→ INFORMATION SHOWN

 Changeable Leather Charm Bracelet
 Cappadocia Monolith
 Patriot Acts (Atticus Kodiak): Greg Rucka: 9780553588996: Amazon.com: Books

→ INSTRUCTIONS TO FOLLOW
After locating the line that holds "Cappadocia Monolith", print it and each line after it through the end of the data, exactly as it stands.

→ ANSWER BOX
 Cappadocia Monolith
 Patriot Acts (Atticus Kodiak): Greg Rucka: 9780553588996: Amazon.com: Books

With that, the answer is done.